Print the data below again in full, exactly as it stands, with no images.

[[ DATA SHOWN, beginning ]]

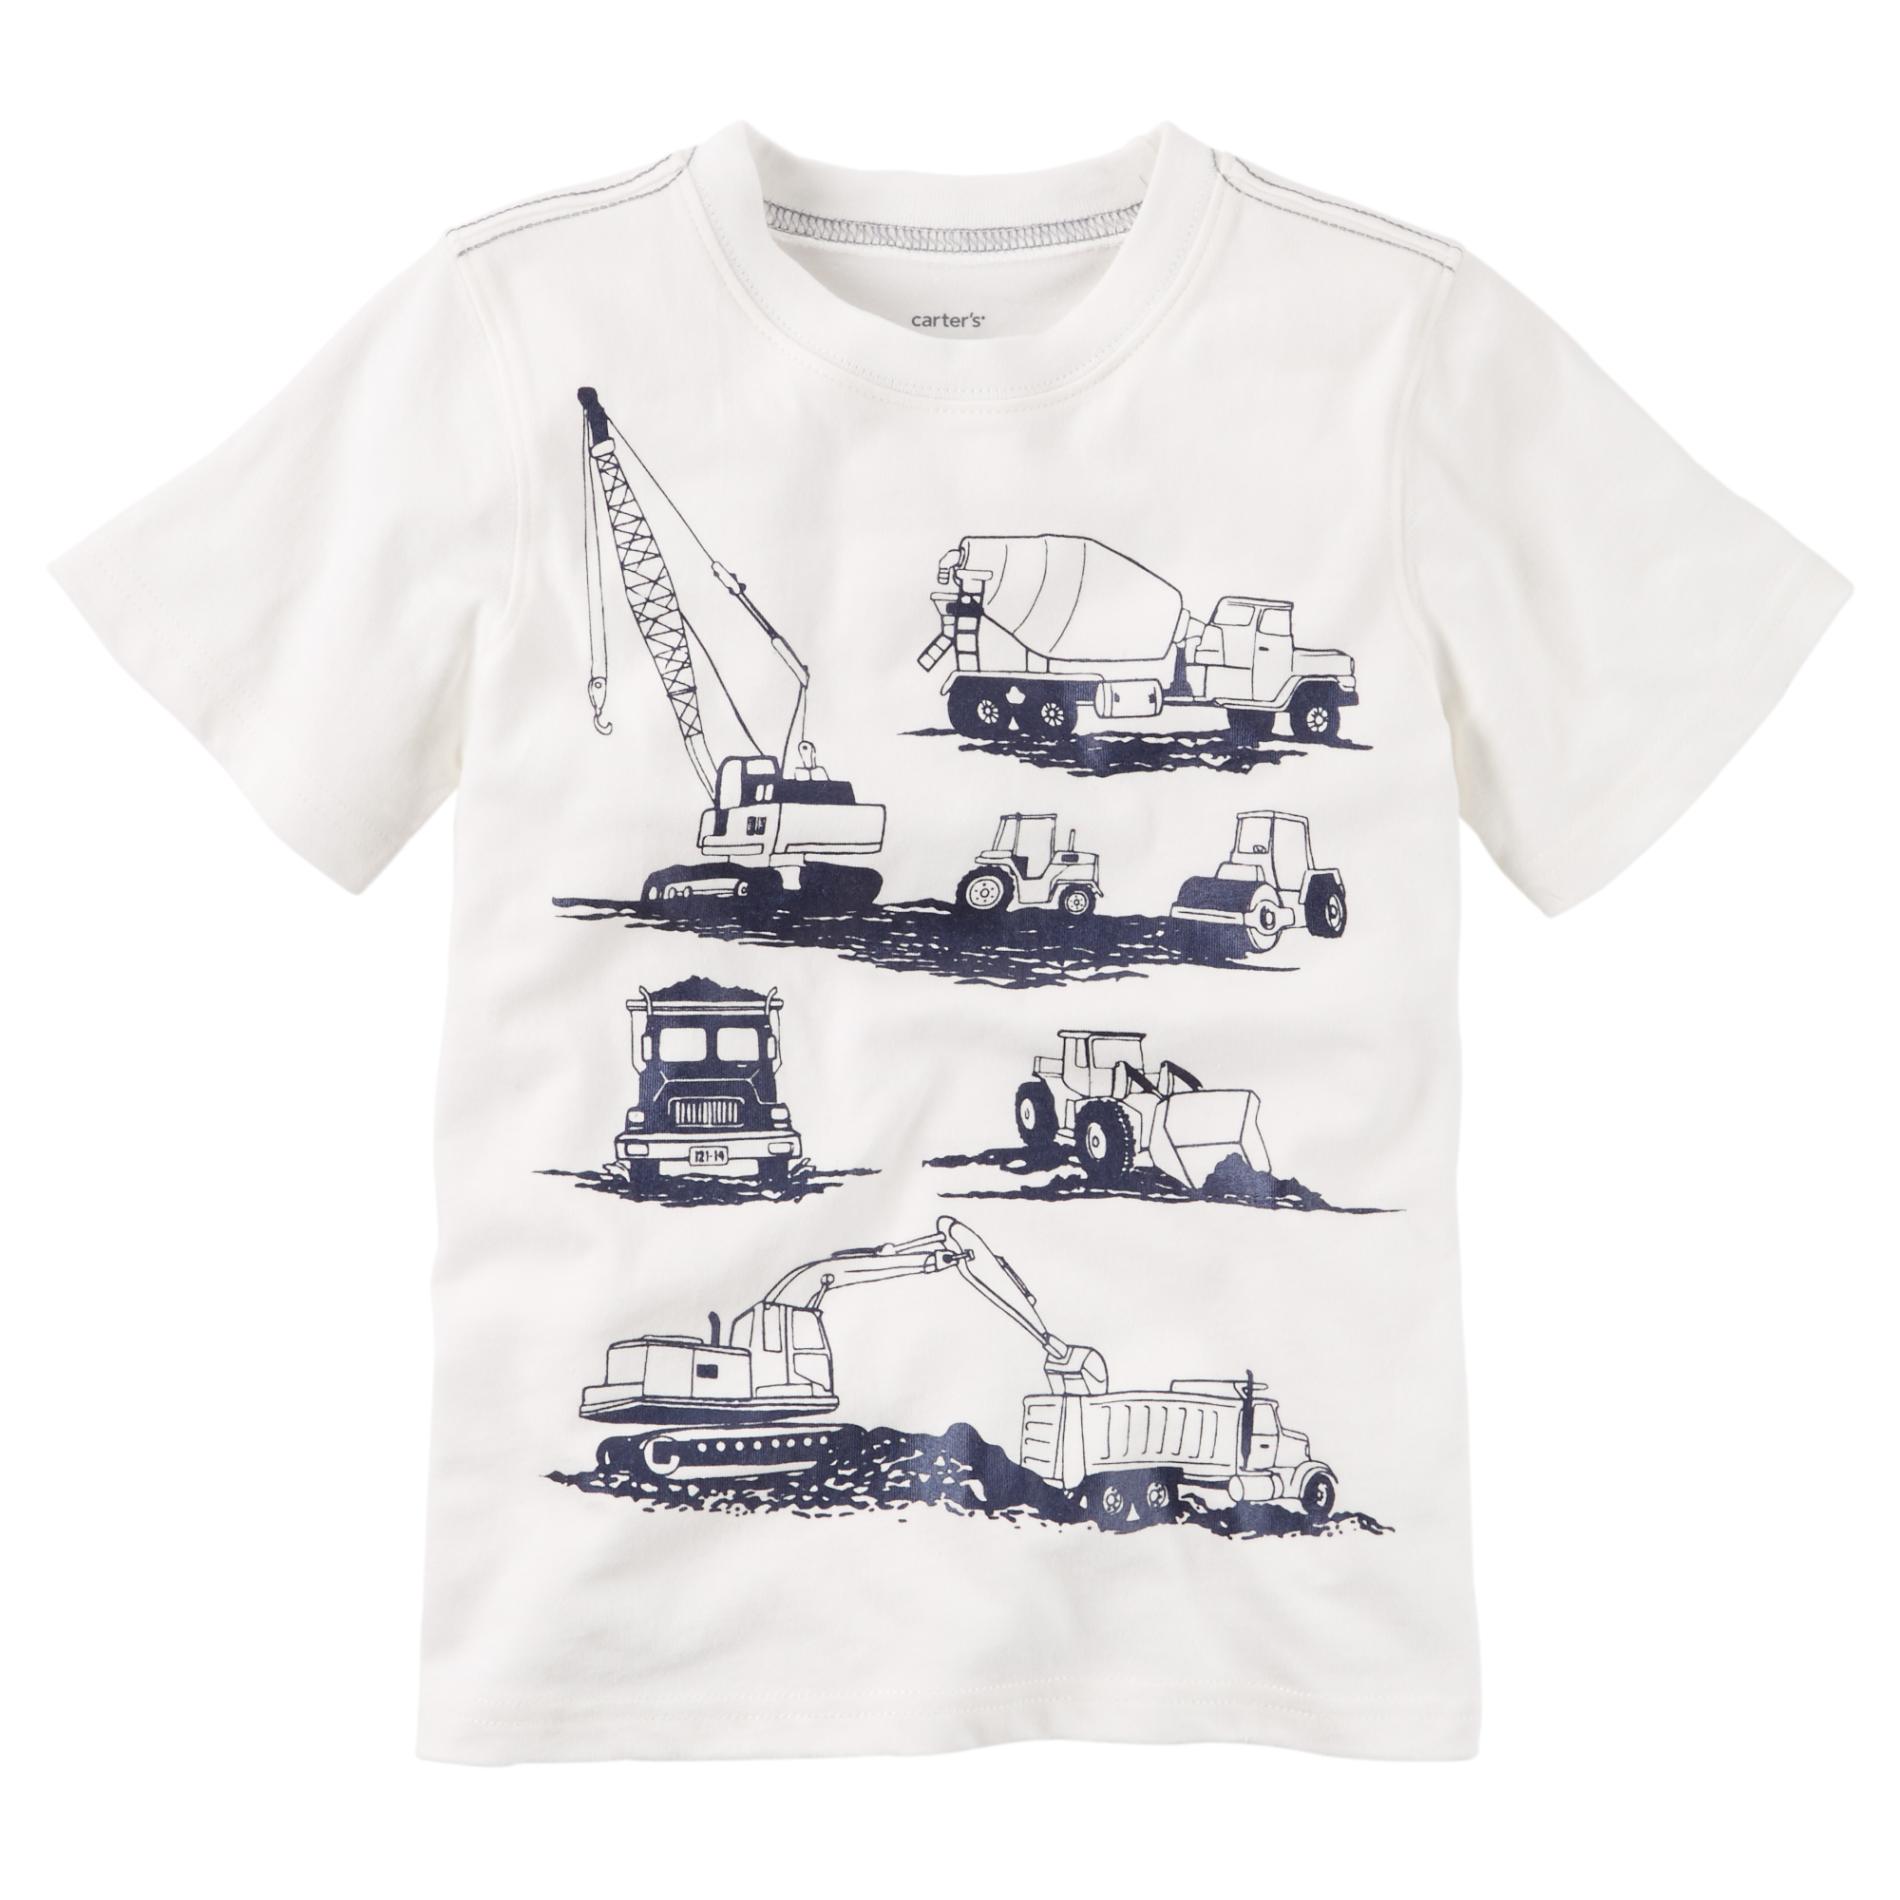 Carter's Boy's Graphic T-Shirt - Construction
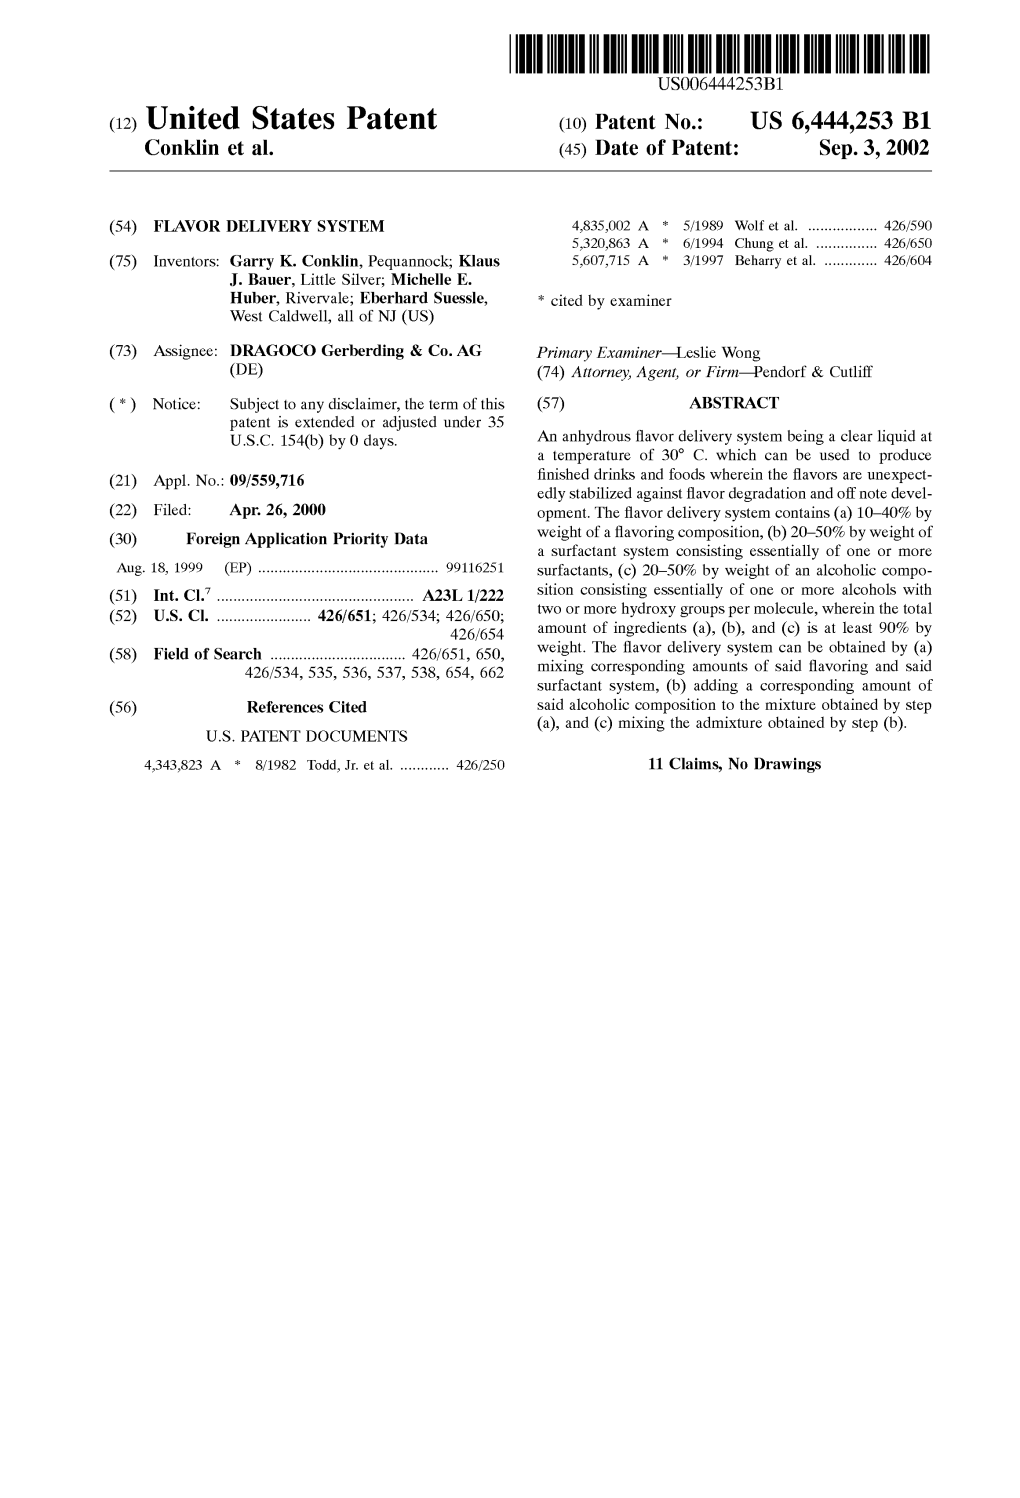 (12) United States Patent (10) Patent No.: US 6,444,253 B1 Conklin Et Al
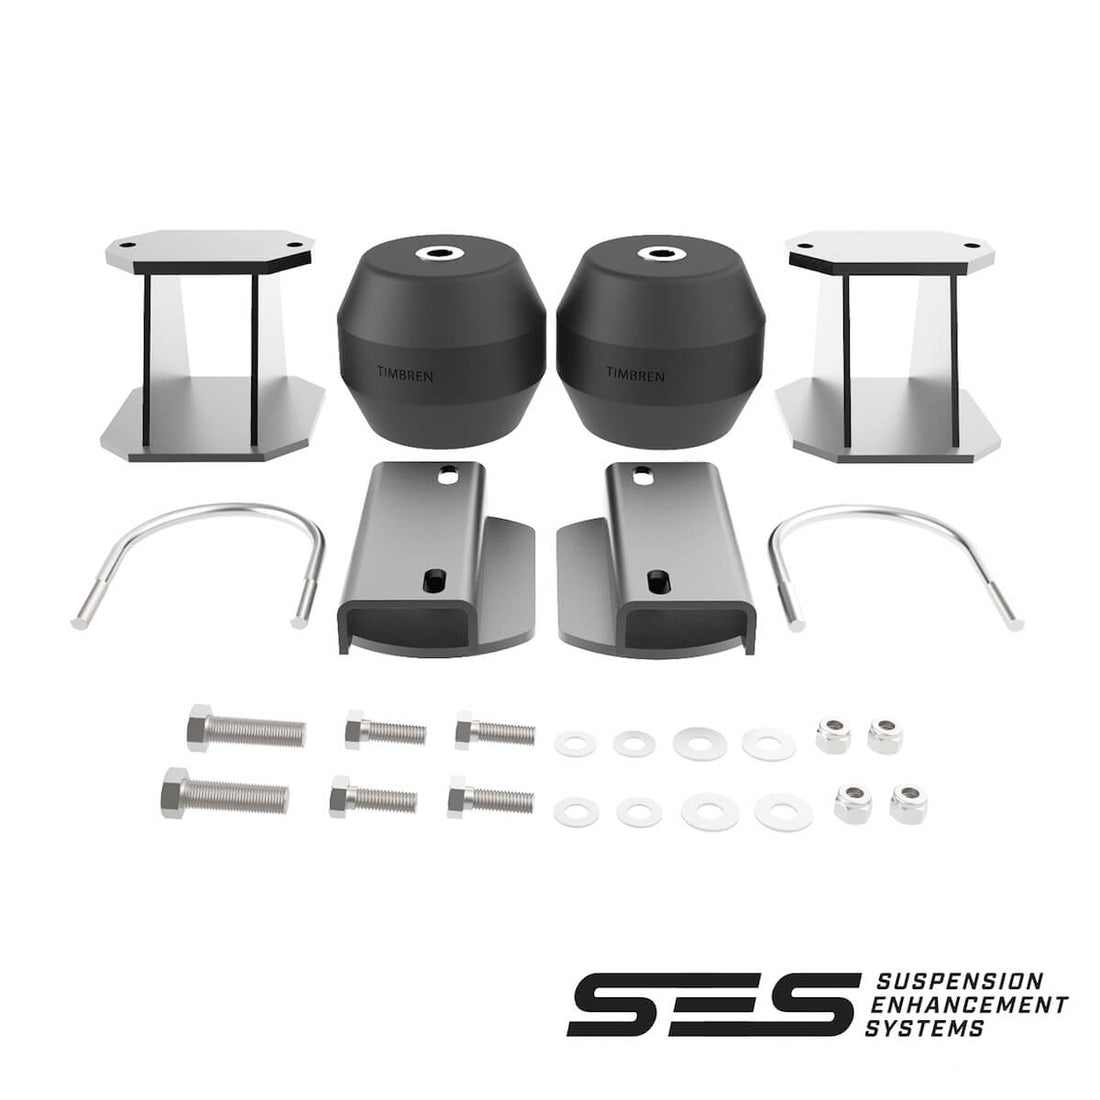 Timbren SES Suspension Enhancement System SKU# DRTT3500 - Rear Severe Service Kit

[[ DATA SHOWN, end ]]

** EXERCISE SOLUTION **
 Carter's Boy's Graphic T-Shirt - Construction
 (12) United States Patent (10) Patent No.: US 6,444,253 B1 Conklin Et Al
 Timbren SES Suspension Enhancement System SKU# DRTT3500 - Rear Severe Service Kit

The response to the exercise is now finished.